In this book, I take you on a journey to explore your unique body and soul and encourage you to look at your own pain and how it might move you.  In the book, I introduce the following:

  • Pain is a very complicated life and death construct.  It is one that we have created and is also one we can undo.  Pain is part of your story and is something to be with on some level rather than quickly mask, avoid or defer.  

  • There exists a perfect storm of broken systems that encourage you to dismiss your pain, to disconnect from your unique body and spirit.

  • Addiction is rampant and exists in some way for all of us. It comes about through avoidance of something perhaps a pain of some kind.  It takes you away from being present and in the moment.

  • The body is unique and remarkable, the fascia holds the soul’s story for this lifetime, and practicing bodyfulness is important.  You must listen and allow the body to move– to move your body, to move your spirit.  Understanding new approaches to the body through fascia and biotensegrity are key.

  • The exceptional body houses the unique soul.  The soul has its unique path that also meanders alongside and throughout the paths of others.  We are connected.

  • As part of your own journey which connects to others, it is important to distinguish between codependence and empowerment. 
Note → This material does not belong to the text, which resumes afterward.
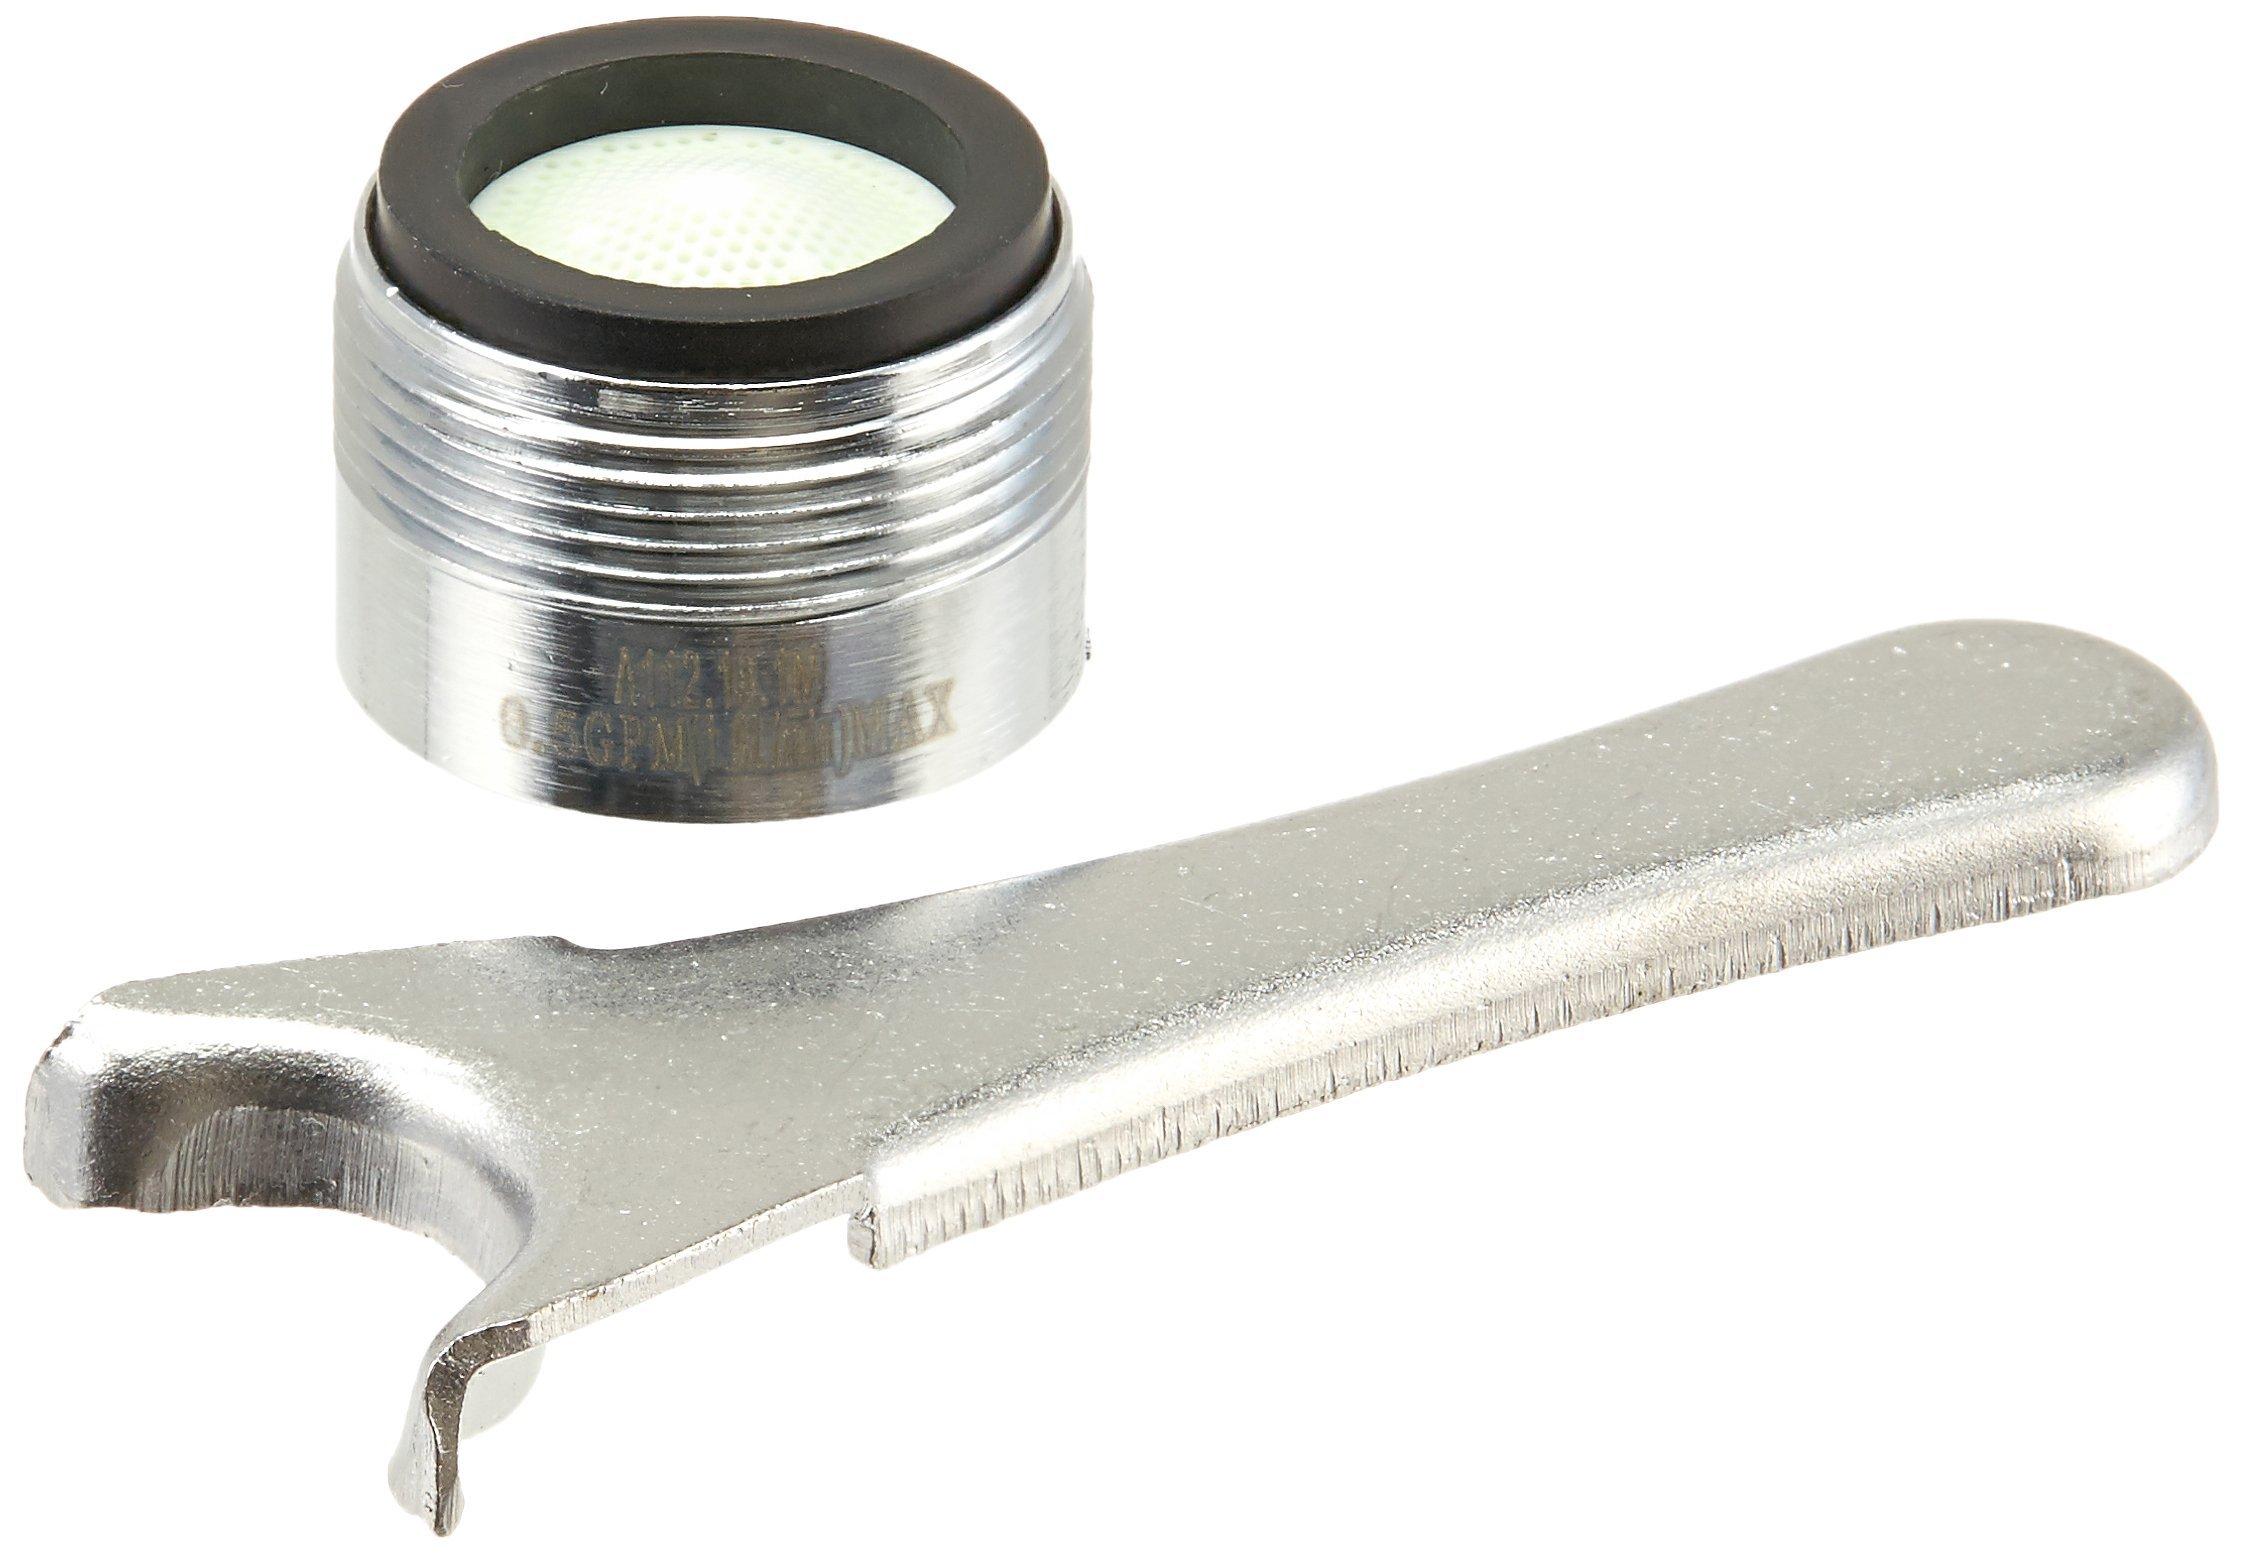 Danze DA613075N Junior Male Spray Faucet Aerator Kit, 0.5 GPM, Chrome

  • You can align the vessel, the true body-mind-spirit connection, and allow the body to guide you on the journey.

  • Useful tools and practices.  To get where you’re going, you must embrace practices for transformation.  Everything worthwhile takes practice.


In this book, I encompass all I have learned from so many years teaching and facilitating movement and life change; observing bodies; observing human surgeries; conducting full body dissections of treated and untreated human cadavers; endless research on medicine and new understanding of the body and well-being; and, by practicing bodyfulness myself.  My son’s passing is the only reason I wrote this book.  It is a way to honor his soul that I am so very grateful chose to pass through me.  It provides me a way to heal a bit.  It is the result of me allowing my own pain to move me to share what I know and what I believe will be not only extremely helpful though also lifechanging to many.


Anne Lloyd Willett has been called a movement therapist and specialist, a transformational teacher and facilitator, spiritual advisor, life coach and healer. She has been teaching movement for over 35 years and has been observing movement and human behavior since she was born. She brings a rich mosaic of modalities to her work and weaves in a fully integrated body-mind-spirit approach that incorporates her comprehensive studies and experience in business, communications, yoga, dance, theatre, medical practices, wholistic medicine, stretch therapy, psychology and coaching, Pilates, breath therapy, biotensegrity and body fascia. In addition to holding Private Sessions with clients ages 12 to 99, she is active in the international Fascia Research Society; and, is an author as well as guest lecturer presenting to international audiences.  She lost her oldest son to the opioid crisis and she knows her pain moves her to bring her gift of teaching to a new level that will inspire others in some way. She operates her own business Connected. Movement in Sync.